BEGIN MATERIAL FOR THE TASK

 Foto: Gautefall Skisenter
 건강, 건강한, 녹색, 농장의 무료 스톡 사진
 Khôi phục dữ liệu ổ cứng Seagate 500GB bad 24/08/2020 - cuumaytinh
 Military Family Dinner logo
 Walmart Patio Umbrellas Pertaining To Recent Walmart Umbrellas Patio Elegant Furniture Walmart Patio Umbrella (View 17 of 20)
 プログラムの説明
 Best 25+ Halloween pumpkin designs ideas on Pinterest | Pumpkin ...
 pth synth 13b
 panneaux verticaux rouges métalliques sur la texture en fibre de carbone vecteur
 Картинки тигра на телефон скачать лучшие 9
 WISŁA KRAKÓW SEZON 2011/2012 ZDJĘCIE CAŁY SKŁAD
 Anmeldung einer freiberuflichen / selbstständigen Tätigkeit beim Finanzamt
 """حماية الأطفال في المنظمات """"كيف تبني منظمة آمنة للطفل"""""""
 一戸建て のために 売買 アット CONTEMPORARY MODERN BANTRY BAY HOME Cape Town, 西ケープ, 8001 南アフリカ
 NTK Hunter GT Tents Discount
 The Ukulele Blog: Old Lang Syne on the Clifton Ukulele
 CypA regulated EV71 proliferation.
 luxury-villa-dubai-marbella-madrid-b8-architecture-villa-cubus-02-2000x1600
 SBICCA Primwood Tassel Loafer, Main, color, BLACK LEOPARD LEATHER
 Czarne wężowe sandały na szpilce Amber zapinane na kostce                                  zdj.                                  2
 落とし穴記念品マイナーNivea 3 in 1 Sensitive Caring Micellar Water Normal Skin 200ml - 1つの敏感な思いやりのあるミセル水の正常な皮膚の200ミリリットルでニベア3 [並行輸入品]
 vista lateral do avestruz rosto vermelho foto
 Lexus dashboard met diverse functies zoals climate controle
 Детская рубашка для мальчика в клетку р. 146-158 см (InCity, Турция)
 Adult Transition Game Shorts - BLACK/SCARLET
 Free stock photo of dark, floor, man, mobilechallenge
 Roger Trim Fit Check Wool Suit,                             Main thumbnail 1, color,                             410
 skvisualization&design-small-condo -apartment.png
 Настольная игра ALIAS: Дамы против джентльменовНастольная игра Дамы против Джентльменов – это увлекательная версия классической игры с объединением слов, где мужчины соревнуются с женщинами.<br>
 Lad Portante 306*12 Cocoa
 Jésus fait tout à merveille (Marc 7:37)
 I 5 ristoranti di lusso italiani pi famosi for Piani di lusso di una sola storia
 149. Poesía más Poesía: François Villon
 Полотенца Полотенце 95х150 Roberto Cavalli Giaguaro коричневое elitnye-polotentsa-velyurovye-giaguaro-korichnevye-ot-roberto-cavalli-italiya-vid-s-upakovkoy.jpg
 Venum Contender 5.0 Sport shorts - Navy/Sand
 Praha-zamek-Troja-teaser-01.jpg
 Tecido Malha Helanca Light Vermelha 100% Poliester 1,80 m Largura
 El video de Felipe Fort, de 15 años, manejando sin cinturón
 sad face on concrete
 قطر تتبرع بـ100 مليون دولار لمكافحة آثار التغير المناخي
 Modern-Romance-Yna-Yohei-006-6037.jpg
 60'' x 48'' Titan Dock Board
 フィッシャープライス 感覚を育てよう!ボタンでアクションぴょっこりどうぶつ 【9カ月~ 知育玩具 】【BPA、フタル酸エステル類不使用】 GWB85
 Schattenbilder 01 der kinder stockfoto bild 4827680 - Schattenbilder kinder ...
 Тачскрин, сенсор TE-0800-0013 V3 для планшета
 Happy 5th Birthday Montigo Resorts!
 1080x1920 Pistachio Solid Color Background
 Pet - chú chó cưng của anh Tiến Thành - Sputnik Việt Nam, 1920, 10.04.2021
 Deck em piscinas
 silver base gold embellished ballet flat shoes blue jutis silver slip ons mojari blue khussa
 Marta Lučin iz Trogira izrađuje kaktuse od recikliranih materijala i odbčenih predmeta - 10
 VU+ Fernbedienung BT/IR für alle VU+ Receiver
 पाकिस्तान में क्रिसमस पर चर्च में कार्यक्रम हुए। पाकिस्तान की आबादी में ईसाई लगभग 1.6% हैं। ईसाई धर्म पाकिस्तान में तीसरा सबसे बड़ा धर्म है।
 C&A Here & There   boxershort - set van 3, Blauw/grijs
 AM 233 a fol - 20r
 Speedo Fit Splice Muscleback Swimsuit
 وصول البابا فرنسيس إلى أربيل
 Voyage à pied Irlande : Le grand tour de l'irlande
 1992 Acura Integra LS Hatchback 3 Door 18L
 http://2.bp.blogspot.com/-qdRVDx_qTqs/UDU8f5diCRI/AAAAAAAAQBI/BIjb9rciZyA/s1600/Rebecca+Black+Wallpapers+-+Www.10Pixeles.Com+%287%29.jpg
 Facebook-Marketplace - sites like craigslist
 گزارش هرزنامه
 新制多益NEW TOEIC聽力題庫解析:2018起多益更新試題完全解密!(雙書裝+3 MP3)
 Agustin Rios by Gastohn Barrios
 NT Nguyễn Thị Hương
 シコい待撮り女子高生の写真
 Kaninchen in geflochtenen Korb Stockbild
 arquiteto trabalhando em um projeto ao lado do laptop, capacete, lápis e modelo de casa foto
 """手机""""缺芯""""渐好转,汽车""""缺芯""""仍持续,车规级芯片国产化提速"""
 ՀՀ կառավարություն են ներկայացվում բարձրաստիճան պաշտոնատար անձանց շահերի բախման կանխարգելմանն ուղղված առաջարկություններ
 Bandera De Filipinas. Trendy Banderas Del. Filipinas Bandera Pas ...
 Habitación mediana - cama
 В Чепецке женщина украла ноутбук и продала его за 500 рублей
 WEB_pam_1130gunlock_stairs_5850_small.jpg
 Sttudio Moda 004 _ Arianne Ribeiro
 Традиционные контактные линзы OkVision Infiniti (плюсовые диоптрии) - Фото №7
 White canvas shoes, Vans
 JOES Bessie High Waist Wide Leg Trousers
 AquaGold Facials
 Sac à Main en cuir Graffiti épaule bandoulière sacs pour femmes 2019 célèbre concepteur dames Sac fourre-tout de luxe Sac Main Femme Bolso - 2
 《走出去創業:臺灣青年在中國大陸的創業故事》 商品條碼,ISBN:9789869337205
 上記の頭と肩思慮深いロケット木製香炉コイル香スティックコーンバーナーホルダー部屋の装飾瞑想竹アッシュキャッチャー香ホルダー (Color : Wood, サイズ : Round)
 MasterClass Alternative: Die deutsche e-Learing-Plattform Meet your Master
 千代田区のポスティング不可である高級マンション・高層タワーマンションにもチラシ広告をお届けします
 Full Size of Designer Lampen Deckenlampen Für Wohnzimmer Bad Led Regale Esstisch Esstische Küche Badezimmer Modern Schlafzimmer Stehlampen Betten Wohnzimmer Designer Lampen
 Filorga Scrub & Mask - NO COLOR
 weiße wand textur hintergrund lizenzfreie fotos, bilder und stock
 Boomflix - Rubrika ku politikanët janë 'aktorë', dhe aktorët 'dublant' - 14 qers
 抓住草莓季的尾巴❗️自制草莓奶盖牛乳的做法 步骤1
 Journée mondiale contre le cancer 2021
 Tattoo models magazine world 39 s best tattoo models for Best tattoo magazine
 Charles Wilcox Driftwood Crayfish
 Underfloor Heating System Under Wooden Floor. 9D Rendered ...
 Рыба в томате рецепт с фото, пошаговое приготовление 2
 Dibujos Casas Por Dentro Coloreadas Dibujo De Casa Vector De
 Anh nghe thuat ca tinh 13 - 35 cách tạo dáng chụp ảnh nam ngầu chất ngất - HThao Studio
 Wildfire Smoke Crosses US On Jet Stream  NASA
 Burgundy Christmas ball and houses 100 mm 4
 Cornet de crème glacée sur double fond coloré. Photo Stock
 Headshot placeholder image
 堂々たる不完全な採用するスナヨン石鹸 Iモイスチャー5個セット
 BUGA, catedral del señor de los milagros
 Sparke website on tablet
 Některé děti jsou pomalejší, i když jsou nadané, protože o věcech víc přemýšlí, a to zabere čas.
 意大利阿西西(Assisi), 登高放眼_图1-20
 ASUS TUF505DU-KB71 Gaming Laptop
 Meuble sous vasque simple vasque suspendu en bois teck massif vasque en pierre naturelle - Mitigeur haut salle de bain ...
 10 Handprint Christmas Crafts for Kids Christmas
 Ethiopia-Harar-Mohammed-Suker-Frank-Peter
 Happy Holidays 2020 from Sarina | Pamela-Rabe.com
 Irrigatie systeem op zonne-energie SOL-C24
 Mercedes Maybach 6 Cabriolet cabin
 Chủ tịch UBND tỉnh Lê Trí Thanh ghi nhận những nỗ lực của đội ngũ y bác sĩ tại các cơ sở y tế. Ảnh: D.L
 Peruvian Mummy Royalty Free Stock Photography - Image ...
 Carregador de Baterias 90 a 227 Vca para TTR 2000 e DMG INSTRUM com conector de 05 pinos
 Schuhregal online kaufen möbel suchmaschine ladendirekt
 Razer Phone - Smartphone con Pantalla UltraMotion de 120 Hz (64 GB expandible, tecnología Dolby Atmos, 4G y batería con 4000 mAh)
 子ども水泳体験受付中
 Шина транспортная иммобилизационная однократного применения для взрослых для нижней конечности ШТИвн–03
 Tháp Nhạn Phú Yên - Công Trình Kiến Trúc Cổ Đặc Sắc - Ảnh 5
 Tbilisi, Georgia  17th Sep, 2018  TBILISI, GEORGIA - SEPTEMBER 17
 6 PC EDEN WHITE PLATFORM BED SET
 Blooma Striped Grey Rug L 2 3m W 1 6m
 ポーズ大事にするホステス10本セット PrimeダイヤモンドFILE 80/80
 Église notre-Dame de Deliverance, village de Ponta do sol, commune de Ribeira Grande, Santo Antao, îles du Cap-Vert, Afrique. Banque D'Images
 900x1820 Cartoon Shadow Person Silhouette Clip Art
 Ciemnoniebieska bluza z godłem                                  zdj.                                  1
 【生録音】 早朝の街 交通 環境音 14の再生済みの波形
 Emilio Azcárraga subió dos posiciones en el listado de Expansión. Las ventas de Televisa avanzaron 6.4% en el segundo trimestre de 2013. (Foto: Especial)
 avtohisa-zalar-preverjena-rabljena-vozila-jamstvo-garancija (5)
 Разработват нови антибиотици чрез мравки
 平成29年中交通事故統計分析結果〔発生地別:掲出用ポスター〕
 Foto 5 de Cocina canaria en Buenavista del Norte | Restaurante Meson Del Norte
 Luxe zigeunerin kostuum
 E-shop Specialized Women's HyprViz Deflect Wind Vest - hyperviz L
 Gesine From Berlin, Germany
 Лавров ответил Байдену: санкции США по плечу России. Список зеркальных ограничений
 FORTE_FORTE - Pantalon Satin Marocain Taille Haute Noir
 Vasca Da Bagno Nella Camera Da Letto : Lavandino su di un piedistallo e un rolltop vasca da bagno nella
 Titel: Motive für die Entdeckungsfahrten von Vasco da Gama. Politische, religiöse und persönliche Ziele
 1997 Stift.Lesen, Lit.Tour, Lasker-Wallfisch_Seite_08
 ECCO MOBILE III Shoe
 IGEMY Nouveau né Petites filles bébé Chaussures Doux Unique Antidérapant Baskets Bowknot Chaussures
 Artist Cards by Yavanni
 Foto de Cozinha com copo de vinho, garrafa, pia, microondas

END MATERIAL FOR THE TASK

REQUIRED WORK: All lines from the one with "6 PC EDEN WHITE PLATFORM BED SET" to the end of the listing are to be printed exactly as given, both ends included.

THE ANSWER:
 6 PC EDEN WHITE PLATFORM BED SET
 Blooma Striped Grey Rug L 2 3m W 1 6m
 ポーズ大事にするホステス10本セット PrimeダイヤモンドFILE 80/80
 Église notre-Dame de Deliverance, village de Ponta do sol, commune de Ribeira Grande, Santo Antao, îles du Cap-Vert, Afrique. Banque D'Images
 900x1820 Cartoon Shadow Person Silhouette Clip Art
 Ciemnoniebieska bluza z godłem                                  zdj.                                  1
 【生録音】 早朝の街 交通 環境音 14の再生済みの波形
 Emilio Azcárraga subió dos posiciones en el listado de Expansión. Las ventas de Televisa avanzaron 6.4% en el segundo trimestre de 2013. (Foto: Especial)
 avtohisa-zalar-preverjena-rabljena-vozila-jamstvo-garancija (5)
 Разработват нови антибиотици чрез мравки
 平成29年中交通事故統計分析結果〔発生地別:掲出用ポスター〕
 Foto 5 de Cocina canaria en Buenavista del Norte | Restaurante Meson Del Norte
 Luxe zigeunerin kostuum
 E-shop Specialized Women's HyprViz Deflect Wind Vest - hyperviz L
 Gesine From Berlin, Germany
 Лавров ответил Байдену: санкции США по плечу России. Список зеркальных ограничений
 FORTE_FORTE - Pantalon Satin Marocain Taille Haute Noir
 Vasca Da Bagno Nella Camera Da Letto : Lavandino su di un piedistallo e un rolltop vasca da bagno nella
 Titel: Motive für die Entdeckungsfahrten von Vasco da Gama. Politische, religiöse und persönliche Ziele
 1997 Stift.Lesen, Lit.Tour, Lasker-Wallfisch_Seite_08
 ECCO MOBILE III Shoe
 IGEMY Nouveau né Petites filles bébé Chaussures Doux Unique Antidérapant Baskets Bowknot Chaussures
 Artist Cards by Yavanni
 Foto de Cozinha com copo de vinho, garrafa, pia, microondas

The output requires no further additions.